The report outlines a long-term vision that integrates atmospheric intelligence to optimize energy availability and needs within hybridized grids. It highlights the importance of understanding the operational environment, which includes variable mission profiles, terrain, and atmospheric conditions. The authors argue that effective energy flow characterizations are essential for achieving battlespace dominance, as they allow for better management of energy resources across diverse platforms.
Key components of the system design are discussed, including hardware, sensor data, and automation scripts. The report details various system elements, such as panel temperature monitoring, whole sky image analyses, and solar radiation modeling, which collectively contribute to the optimization of power conversion and energy management. The integration of artificial intelligence (AI) into the hybrid power grid (AI-HPG) optimization function is a significant focus, as it aims to enhance decision-making processes regarding energy distribution and usage.

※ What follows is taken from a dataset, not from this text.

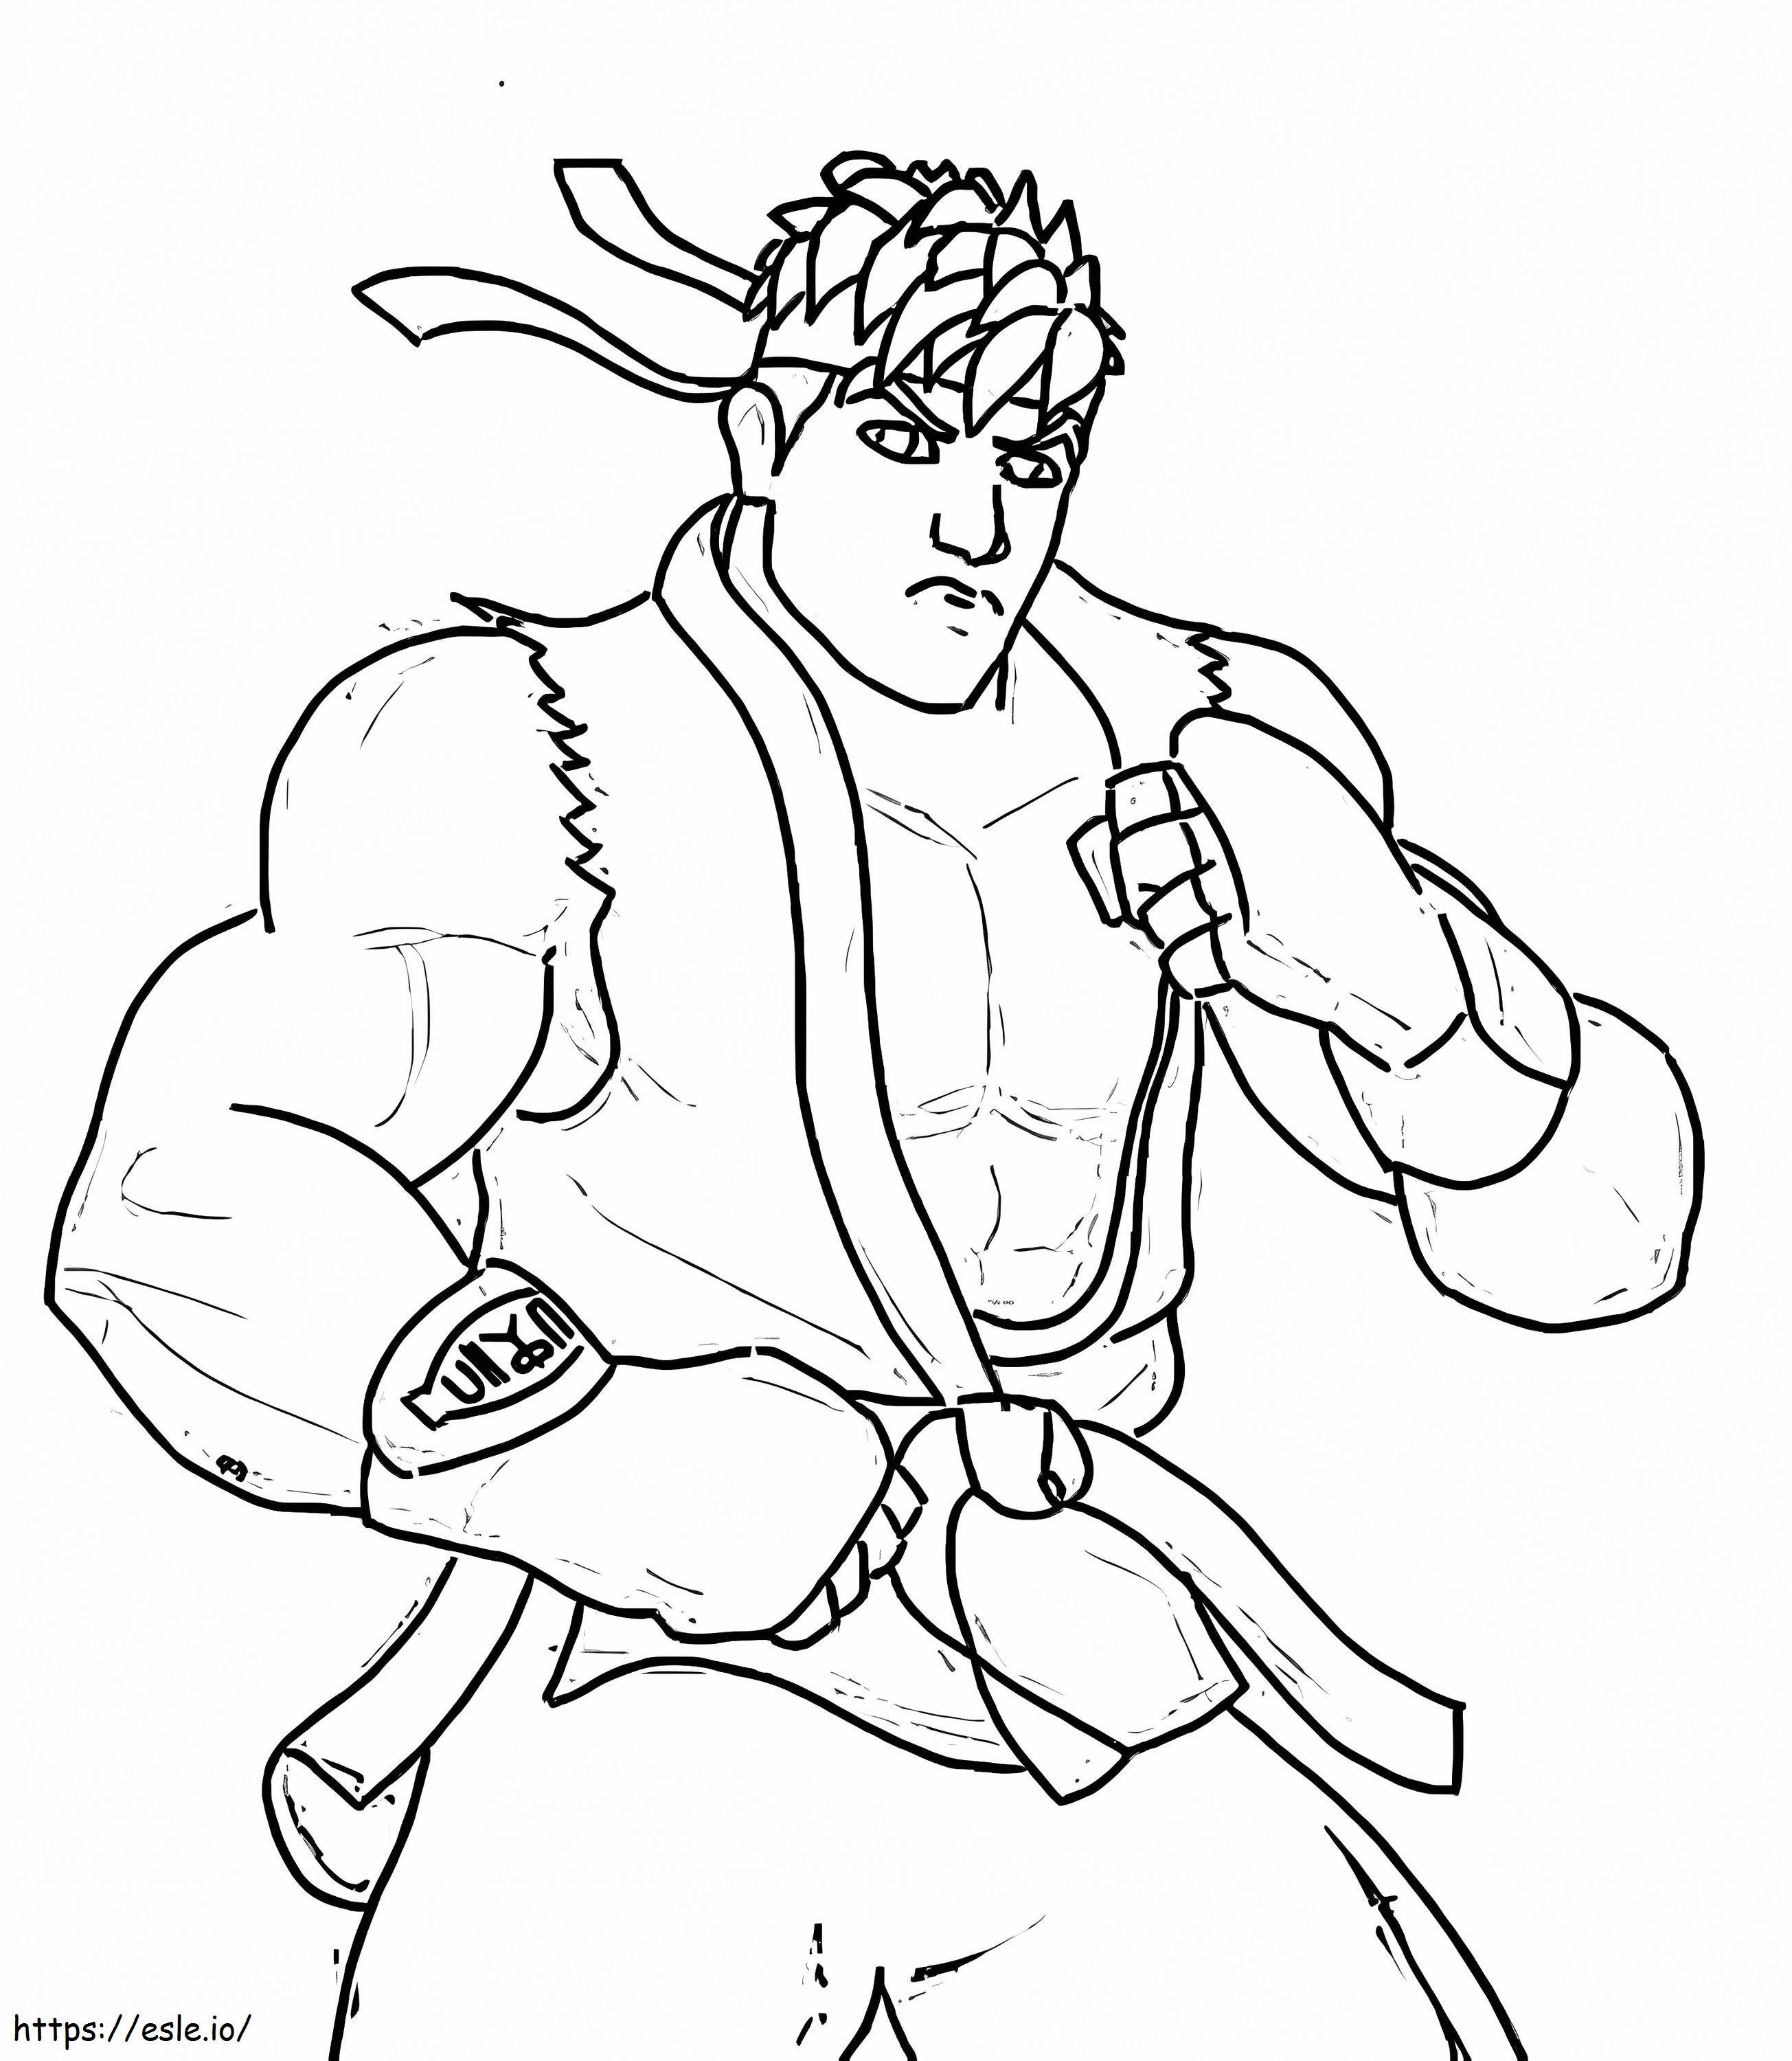 Ryu di base da colorare
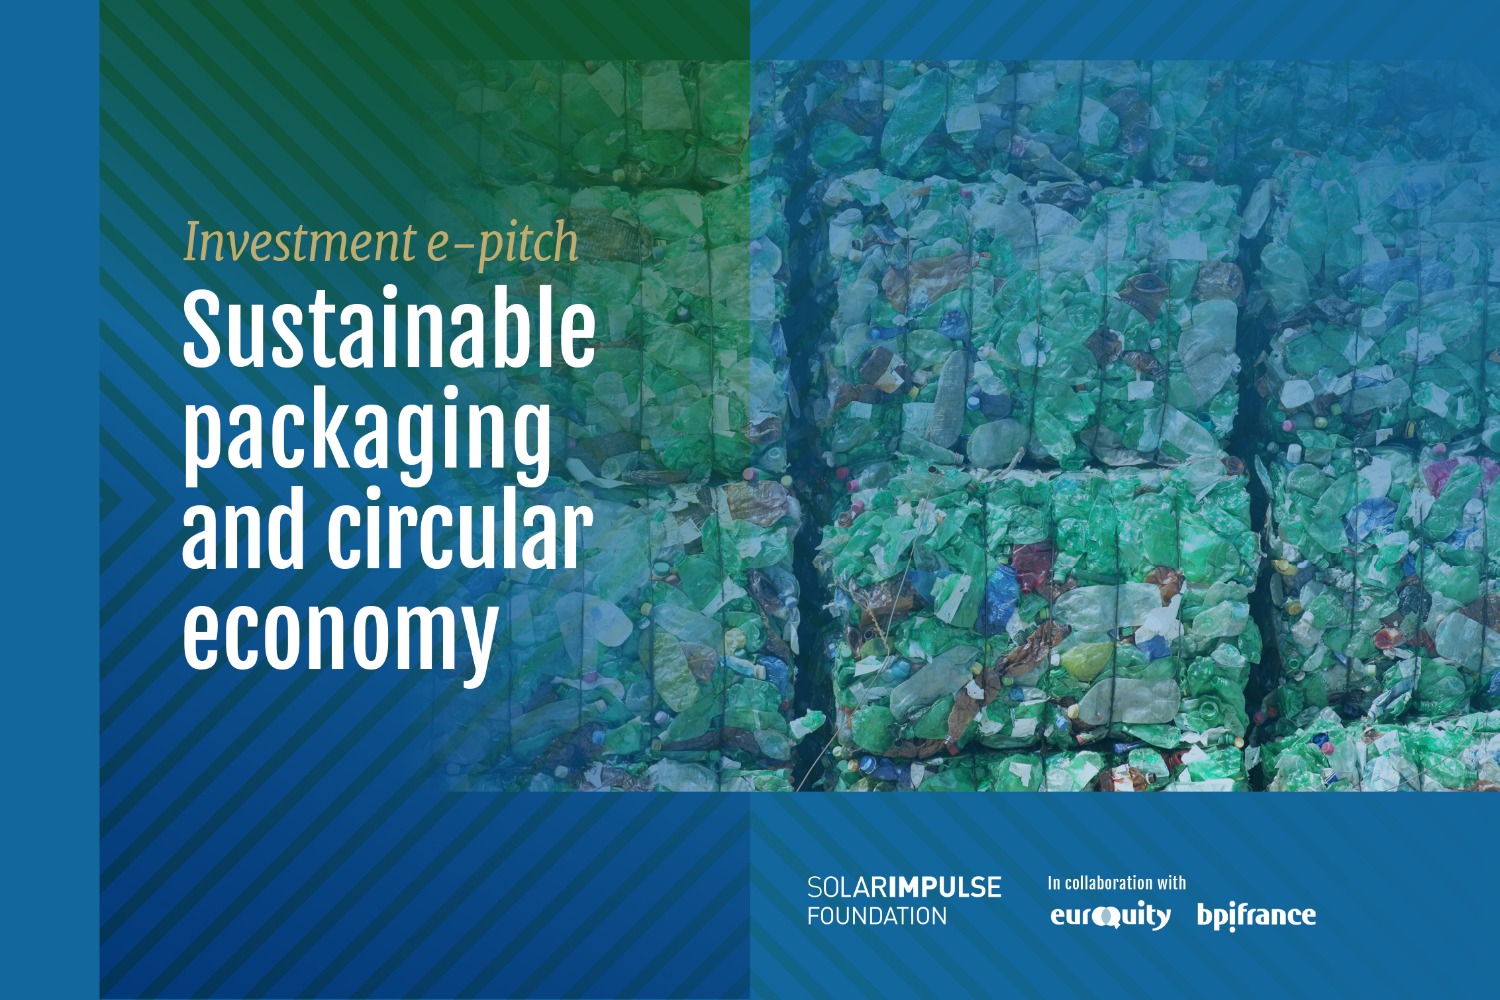 E-Pitch Solar Impulse Investment - "Embalaje sostenible y economía circular"

The document also presents findings from automated data flow tests, which are crucial for validating the system's performance and ensuring that it can adapt to real-time conditions. These tests are designed to assess the effectiveness of the proposed methodologies in managing energy resources efficiently.
Overall, the report underscores the necessity of developing advanced energy management systems that can operate effectively in complex and dynamic environments. By leveraging atmospheric intelligence and automated data processing, the project aims to create a more resilient and responsive energy infrastructure for military applications, ultimately contributing to the operational success of the U.S. Armed Forces in future combat scenarios. The findings are intended to inform ongoing research and development efforts in the field of hybrid power grids, with the goal of achieving greater energy efficiency and reliability in military operations.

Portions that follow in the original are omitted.